Namun, terdapat kemungkinan bahwa terjadi peningkatan konsentrasi kalsium di
sel-sel otak yang merupakan hasil dari peningkatan kadar kalsium dalam plasma
dari kerja PTH yang berlebihan. Teori lain tehadap penyebab uremic
encephalopathy menyatakan bahwa uremic encephalopathy disebabkan oleh
ketidakseimbangan nurotransmiter asam amino dalam otak. Selama fase awal
uremic encephalopathy, cairan cerebrospinal (CSF) dapat digunakan untuk
menentukan terjadinya peningkatan level glisin, level glutamin, serta penurunan
GABA. Perubahan yang terjadi pada metabolisme dopamin dan serotonin di otak
dapat mengawali dan menyebakan gejala klinis. Peningkatan uremia akan
menghasilkan akumulasi komponen guanidino yang dapat menyebabkan aktivasi
terhadap reseptor N-methyl-D-aspartate eksitatori serta akan menghambat reseptor
GABA yang dapat mengakibatkan terjadinya myoklonus dan seizure.
Menurut Bucurescu (2008), uremia yang menggambarkan gangguan ginjal
(insufisiensi ginjal) dan gangguan multiorgan dihasilkan oleh akumulasi metabolit
protein, asam amino, serta gangguan proses katabolisme di ginjal, proses
metabolik, dan proses endokrin. Tidak ada metabolit tunggal yang menyebabkan
uremia. Uremic encephalopathy merupakan salah satu manifestasi dari gagal
ginjal. Patofisiologi dari uremic encephalopathy adalah akumulasi senyawa
organik seperti metabolit protein dan asam amino yang merusak neuron, antara
lain dapat berupa urea, senyawa guanidine, asam urat, asam hippuric, beberapa
macam asam amino, polipeptida, polyamine, phenol dan konjugat phenol, asam
phenols dan asam indolic, acetoin, asam glukoronat, karnitin, myoinositol, sulfat,
fosfat. Selain itu juga akibat dari peningkatan level senyawa guanidine, yang
meliputi guanidinosuccinic acid, methylguanidine, guanidine, dan kreatinin.
Senyawa guanidino endogenus bersifat neurotoksik.
Abnormalitas yang berkaitan dengan keadaan uremic encephalopathy
meliputi asidosis, hiponatremia, hiperkalemia, hipokalsemia, hipermagnesemia,
overhidrasi, dan dehidrasi. Tidak ada abnormalitas tunggal yang dapat
menunjukkan lesio pada kejadian uremic encephalopathy. Peningkatan level
glisin, asam amino yang berasal dari phenylalanin, tryptophan bebas, dan
penurunan level gama-aminobutyric acid (GABA) pada cairan cerebrospinal akan
bertanggung jawab terhadap penyakit.
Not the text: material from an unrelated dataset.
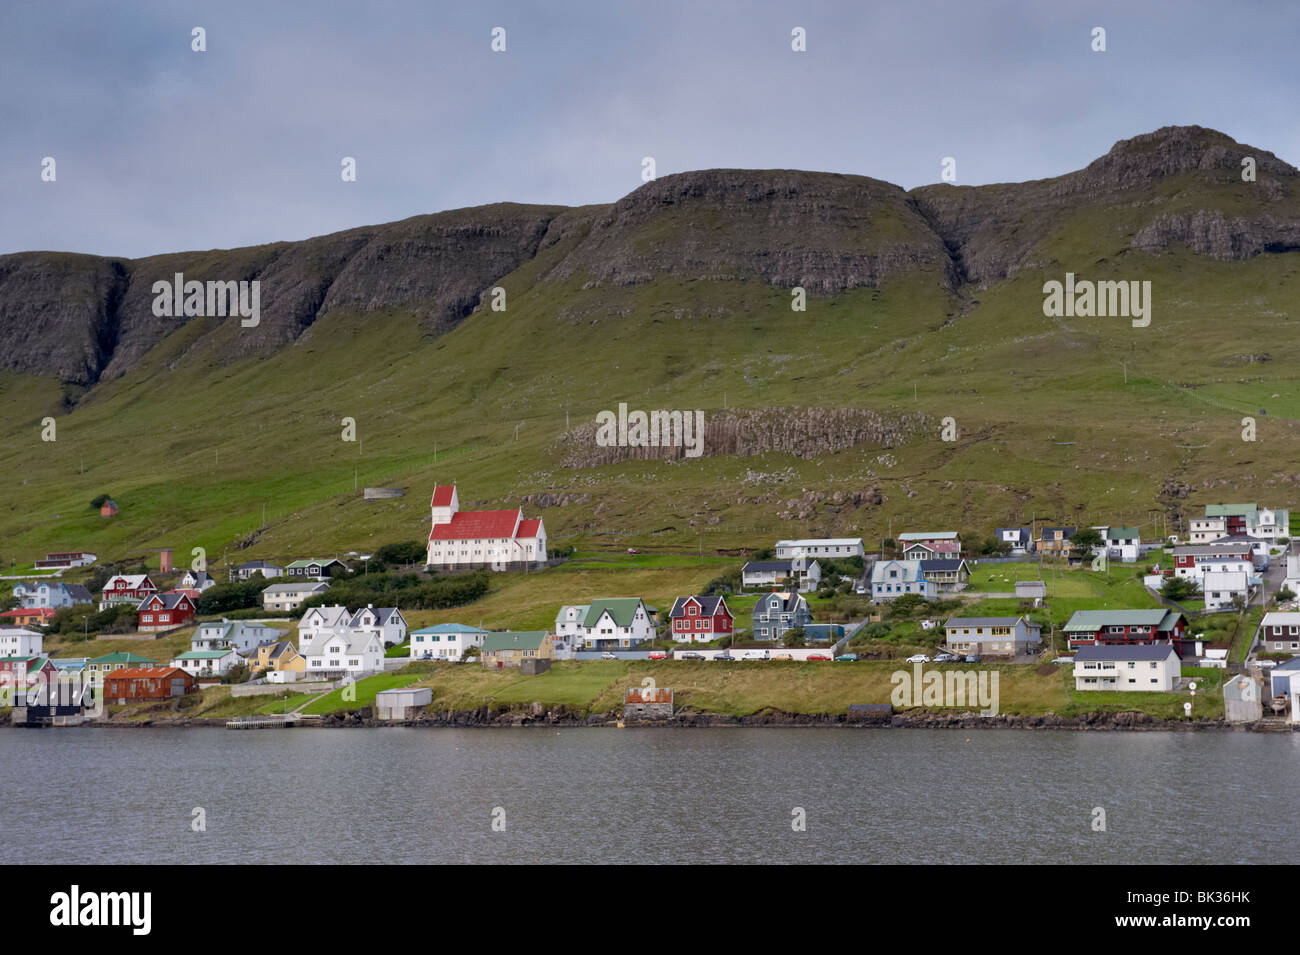 Tvoroyri, main village on Suduroy island, across Trongisvagsfjordur, Suduroy, Faroe Islands (Faroes), Denmark, Europe Stock Photo

Uremic encephalitis juga dipengaruhi oleh
faktor hormonal, yang meliputi hormon paratiroid (PTH), insulin, growth hormon,
glukagon, thyrotropin hormon, prolactin, luteinizing hormone, dan gastrin. Pada
anjing normal, tingginya level PTH akan menyebabkan perubahan CNS karena
PTH dapat menyebabkan pemasukan kalsium ke dalam neuron yang kemudian
akan menyebabkan perubahan.
Patofisiologi uremic encephalopathy belum diketahui secara baik dan
kemungkinan terjadi oleh adanya toksin uremic. Pada kondisi ini, hormon PTH
mempunyai kemungkinan besar terhadap munculnya gejala klinis. Namun, toksin-
toksin lain penyebab uremic encephalopathy yang dipengaruhi oleh gagal ginjal
juga bertanggung jawab terhadap terjadinya patogenesis gangguan neurologi.